HANGİ ŞİKAYETLER OLUR?

. Diz eklemindeki kıkırdak aşındığında ne tür yakınmalara neden olur?
“ *Dizden ses gelmesi: İlk şikayet dizden ses gelmesi şeklindedir. Kadife gibi olması gereken kıkırdaklar yavaş yavaş zımparaya benzemeye ve sürtündüğü zaman ses çıkarmaya başlar. Dizden gelen bütün sesler patolojik değildir ama bu sesler yavaş yavaş ağrı yapmaya başlamışsa o zaman dizde kireçlenme başlamış demektir.

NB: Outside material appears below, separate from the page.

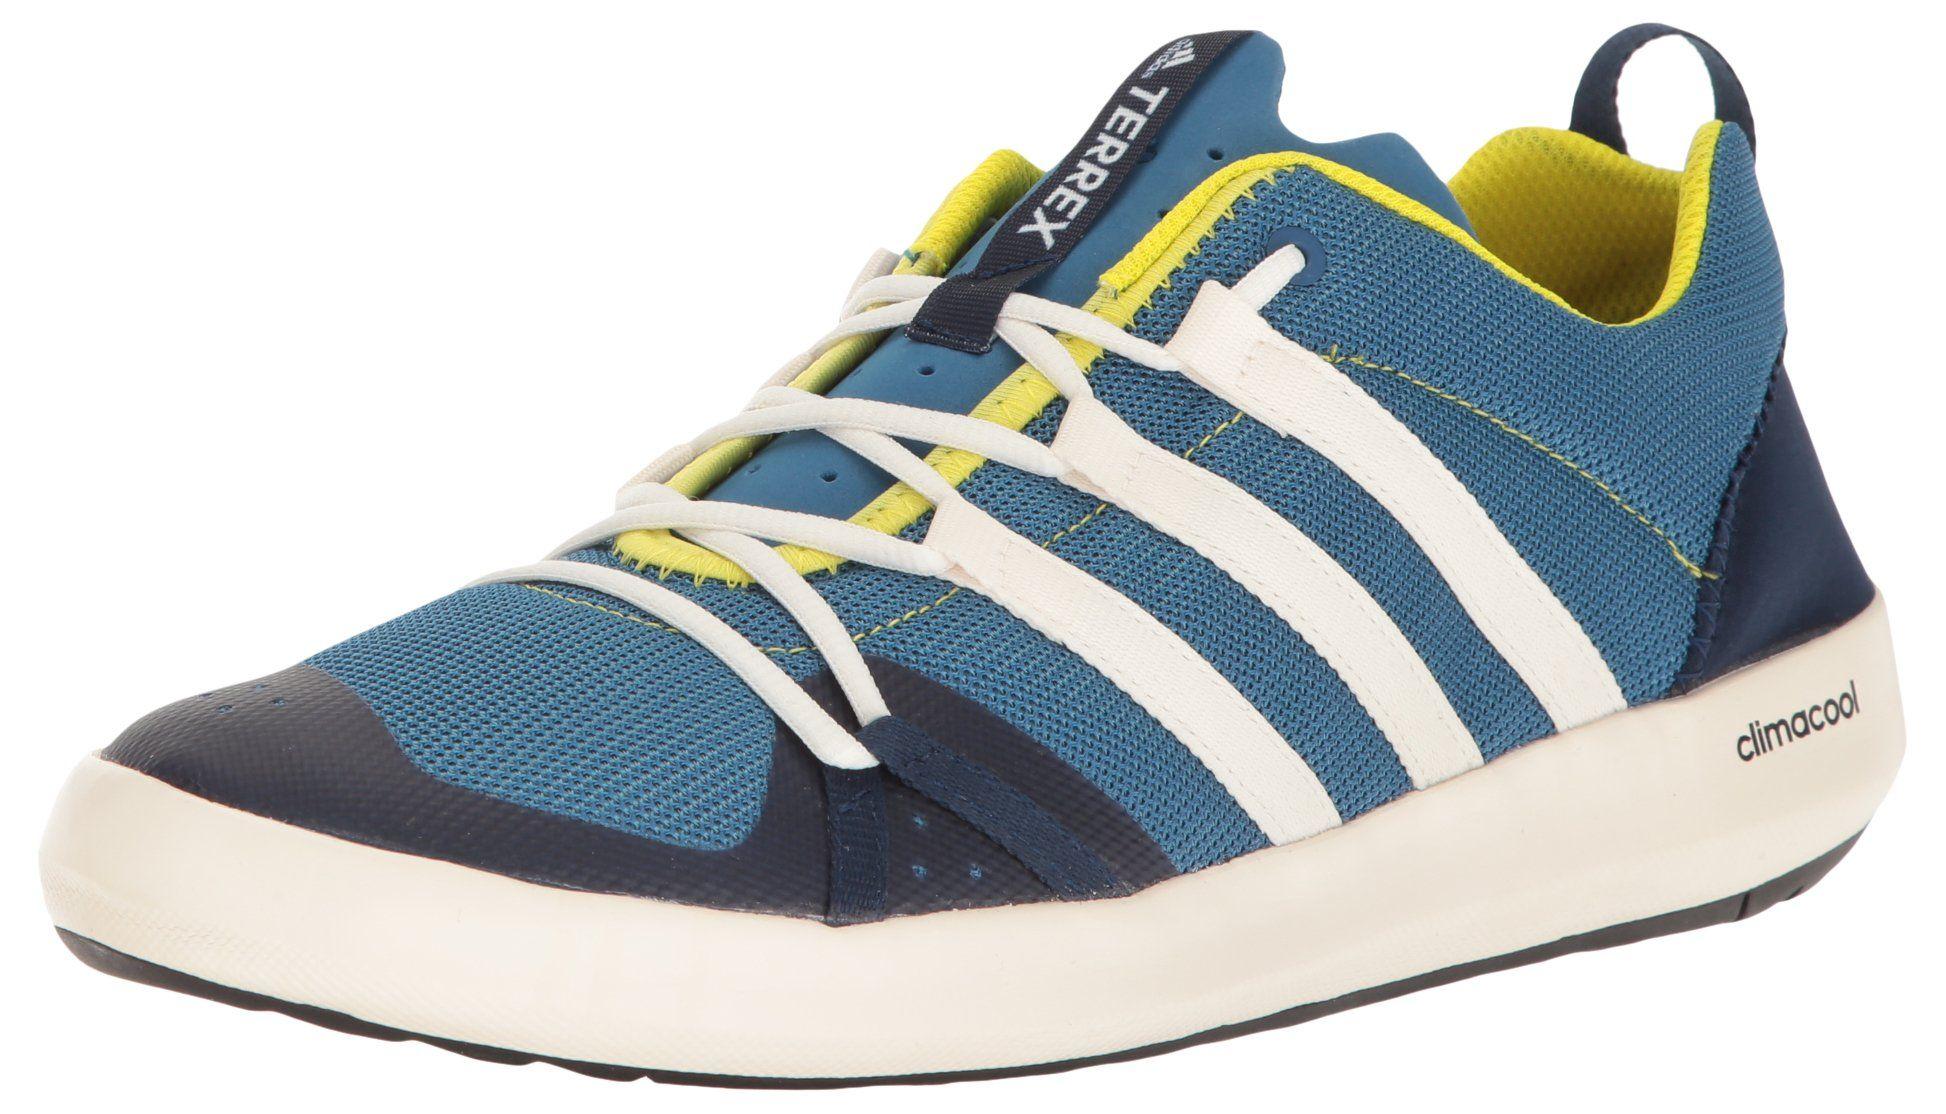 4bae291e545017 adidas Outdoor Men s Terrex Climacool Boat Water Shoe

*Dizde şişme olması: Biraz aktivite arttığı zaman diz hemen şişmeye başlayabilir. Bu durum da yine kireçlenmenin ön belirtilerinden bir tanesidir.

*Ağrı: Ağrı da kireçlenmenin ilk belirtilerindendir. Kireçlenmenin evrelerine göre ağrı da değişir. Yürürken değil de daha çok çömelip kalkarken veya merdiven inip çıkarken özellikle de merdivenleri inerken ağrılar başlamışsa  kireçlenme söz konusudur. İlerleyen aşamalarda artık istirahatte de ağrımaya başlar. Oturup  televizyon seyrederken, yemek yerken sadece dizler akla gelir. Hatta o ağrı artık uyutmayacak kadar kuvvetli hale gelmeye başlar.’’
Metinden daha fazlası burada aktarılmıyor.